Lossless Tokenizer via Byte-level BPE with Tiktoken
OpenAI’s gpt2 tokenizer is among the first that handles tokenization in a completely lossless way, meaning that there is no unknown token. In my opinion, OpenAI’s vision for generality of GPT really shines through from the tokenizer aspect. In this blog we will be analyzing tiktoken
which is the tokenizer behind GPT models.
We will describe how Tiktoken encodes a text to tokens. There are three main stages. (1) extracting out special tokens that we never want to be broken up into smaller pieces (2) pre-tokenization based on a pre-defined regular expression patterns, resembling breaking up texts into words
(3) If such a pre-token is not an actual token, this is the stage where we use the byte-level BPE to break up the pre-token into smaller pieces.
Pre-Tokenization
Let’s look at the code that performs step (2). Note that step (1) is omitted in the educational Python tiktoken code, but it is in the Rust code here. Below is the Python encode function taken from tiktoken.

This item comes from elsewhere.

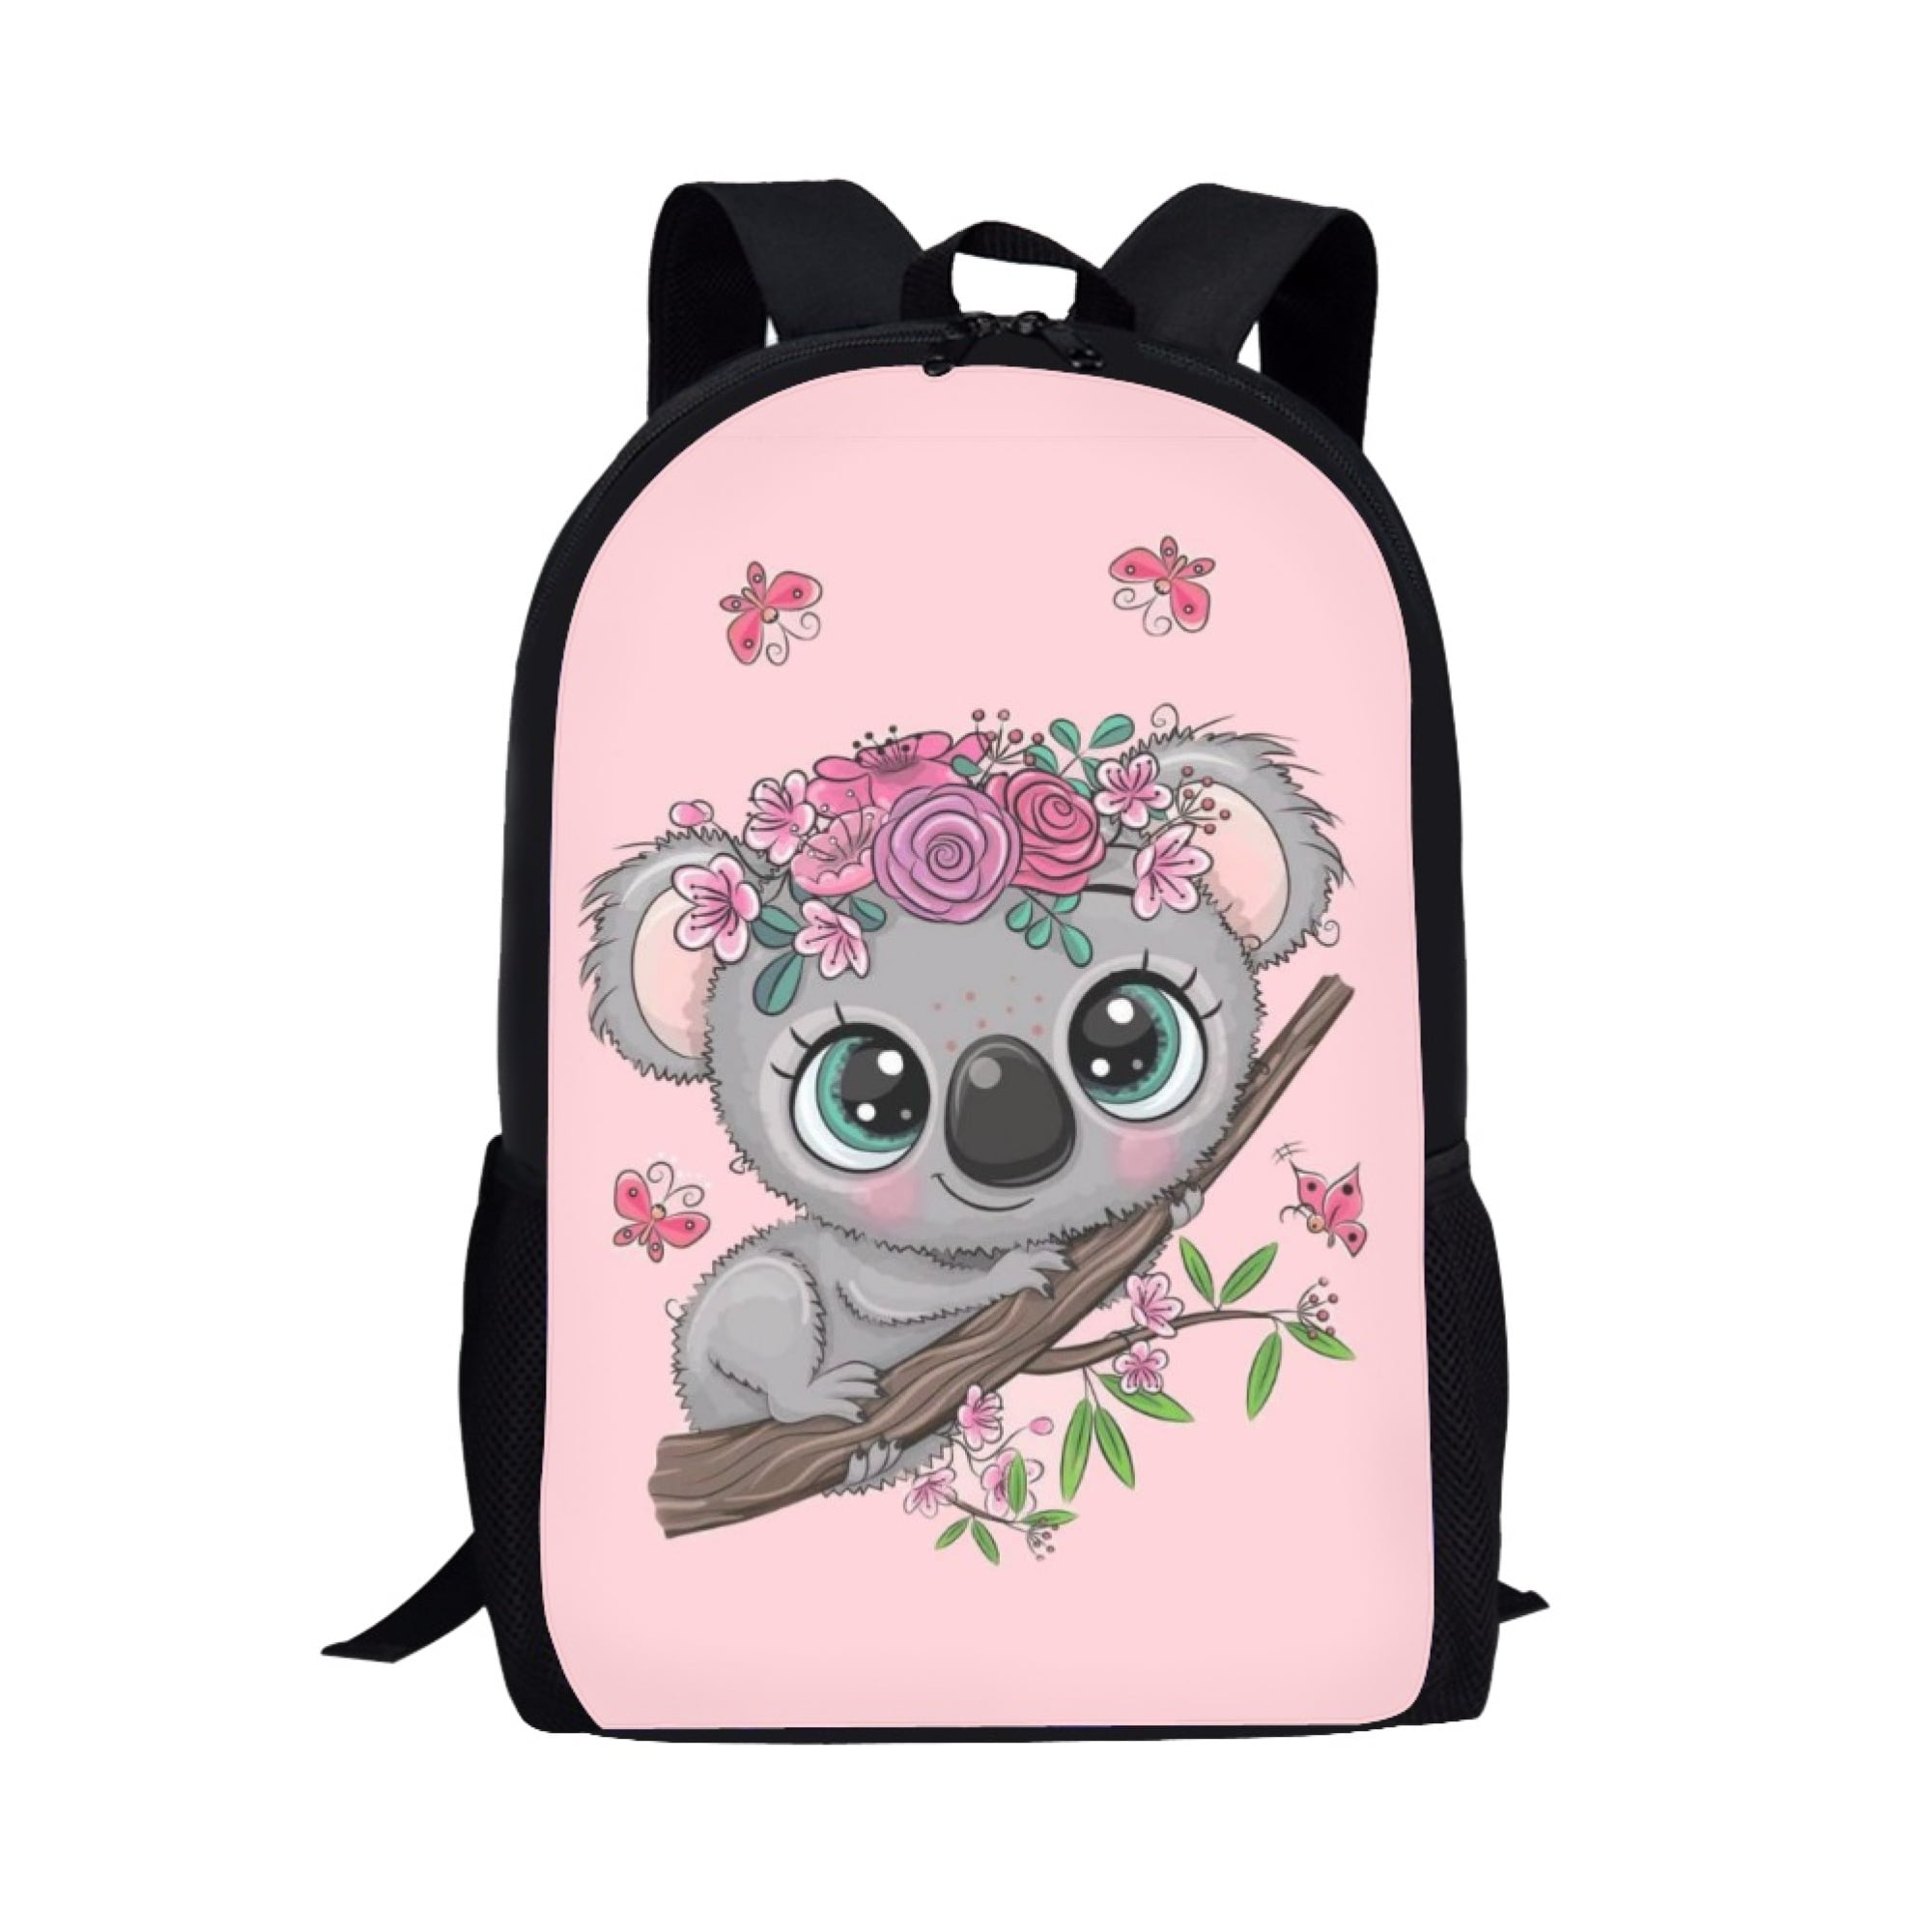 NETILGEN Flowers Koala Backpack Middle School Backpacks for Girls Teens  Kids Children Portable College Students Shoulder Bags for Short Trip

def encode(self, text: str, visualise: Optional[str] = "colour") -> list[int]:
"""Encodes a string into tokens.
>>> enc.encode("hello world")
[388, 372]
"""
# Use the regex to split the text into (approximately) words
words = self._pat.findall(text) # pre-tokens based on word boundary rules
tokens = []
for word in words:
# Turn each word into tokens, using the byte pair encoding algorithm
word_bytes = word.encode("utf-8")
word_tokens = bpe_encode(self.mergeable_ranks, word_bytes, visualise=visualise)
tokens.extend(word_tokens)
return tokens, words
For this encode function, a text (still in string, not bytes) is broken into words
which we will call pre-tokens. For GPT-4 models, the tokenizer’s name is cl100k_base
. The regular expression pattern self._pat
is defined below.
>>> from tiktoken._educational import *
>>> enc = SimpleBytePairEncoding.from_tiktoken("cl100k_base")
>>> end._pat
regex.Regex("(?i:'s|'t|'re|'ve|'m|'ll|'d)|[^\\r\\n\\p{L}\\p{N}]?\\p{L}+|\\p{N}{1,3}| ?[^\\s\\p{L}\\p{N}]+[\\r\\n]*|\\s*[\\r\\n]+|\\s+(?!\\S)|\\s+", flags=regex.V0)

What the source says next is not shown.